In terms of diversity of staff, the business school also trails fairly substantially compared to the other professional schools. At just 8%, HBS has less minorities on staff than every other professional school besides the School of Engineering and Applied Sciences, which has 7%. And with just 1% international staff members, the school trails all schools besides the School of Divinity and the Radcliffe College, which both reported having no international staff members. For women staff members, the school fairs better with 60%, even the rate is a decrease from the 2006 rate of 66%. Four other schools at Harvard have lower percentages of women on staff with School of Engineering and Applied Sciences again having the lowest rate at 38%.

The report points out that despite Harvard’s Puritan roots and a lengthy history of closed doors, the school has most recently enrolled some of its most diverse classes — especially at the undergraduate level in Harvard College. “Alongside great ethnic and racial diversity, we have also achieved gender parity, an increased presence of international students, strong commitments to financial aid that bring us meaningful socioeconomic diversity, and ever-deepening commitments to accessibility for those with disabilities.

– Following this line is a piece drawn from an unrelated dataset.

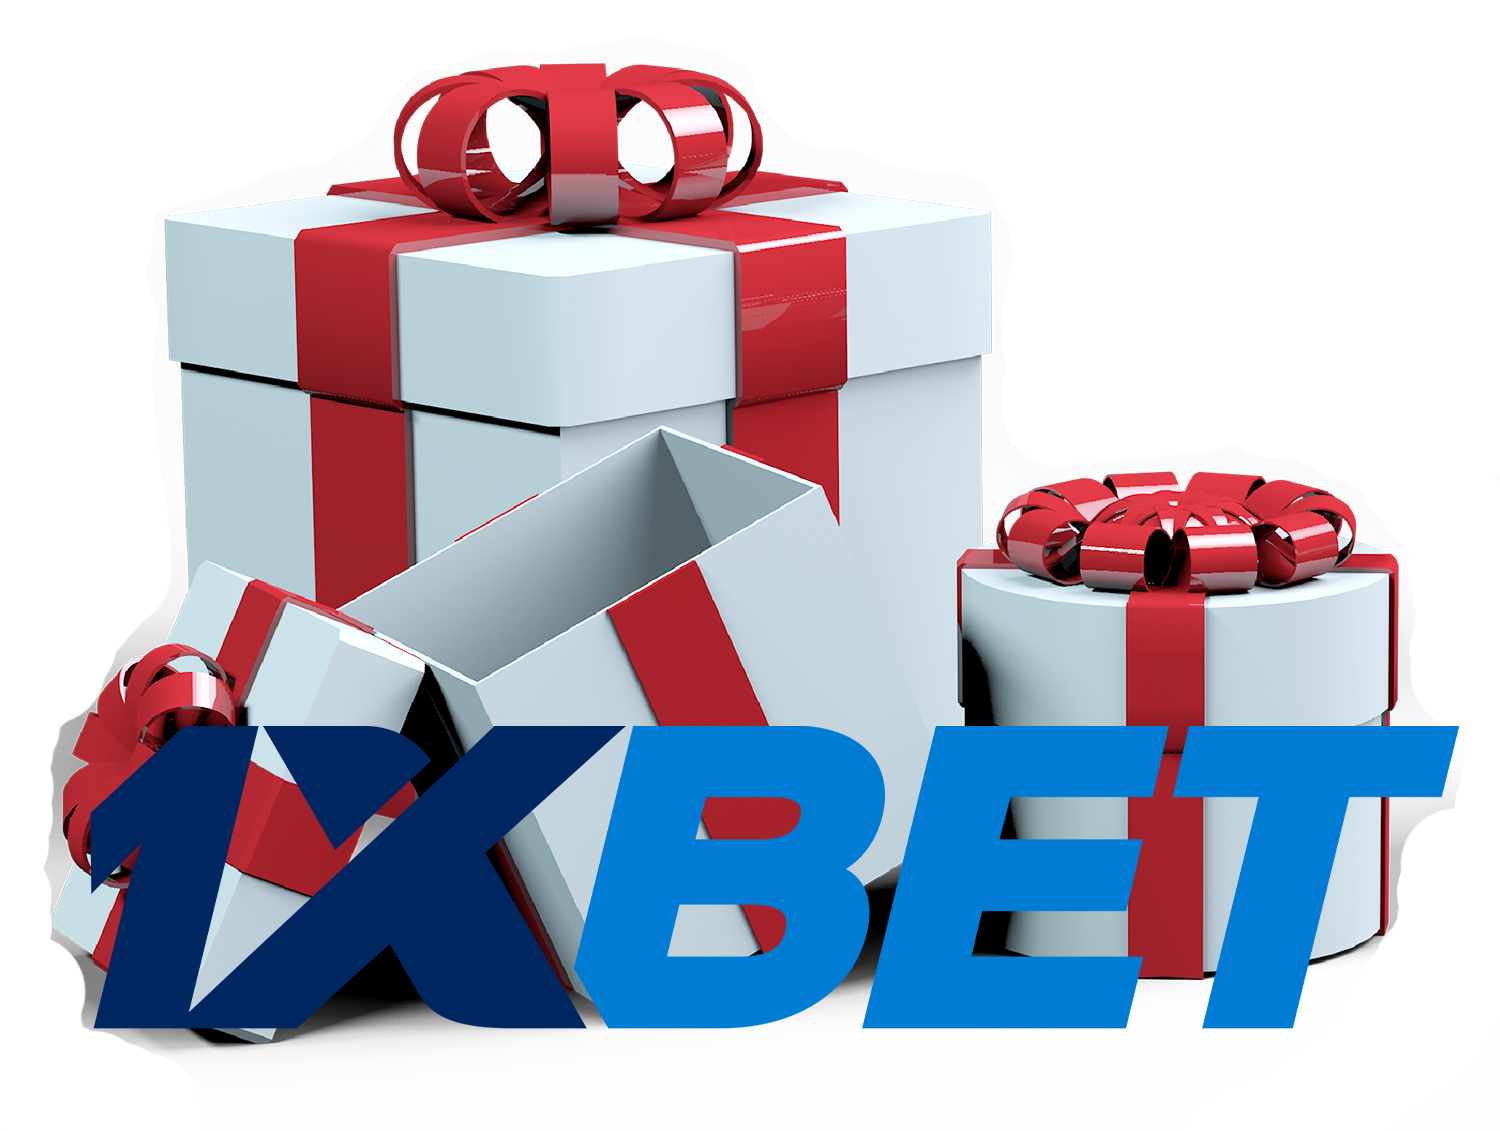 Get your 1xbet bonus right after registration and the first deposit.

Our community also benefits from a diversity of sexual identities, political viewpoints, and religions,” the report reads.

Still, the report authors admit, the university has not been as successful at increasing diversity and inclusion across all professional schools, which is essential to seeing the “intellectual fruits” of a diverse educational environment, the report reads. “To gain the benefit of diversity, Harvard must fully integrate all members of the University into academic, professional, and social contexts that support their individual flourishing and activate their potential. Excellence requires successful practices of inclusion at all levels, from the interpersonal to the organizational,” the report reads.

Still, this will be a challenging journey, the report’s authors admit.

“We may not yet understand all the relevant pedagogic tools for the work of simultaneously upholding principles of academic freedom and inclusion, or how to clarify fully the distinctions between productive discomfort, pointless harm, and actual trauma, but we will find the answers only if we seek them. And we must find them, if we are to make good on the opportunity our diversity presents us to build a solid foundation for the pursuit of excellence. Our enduring commitments to discovery and creativity should themselves help us find the way forward.”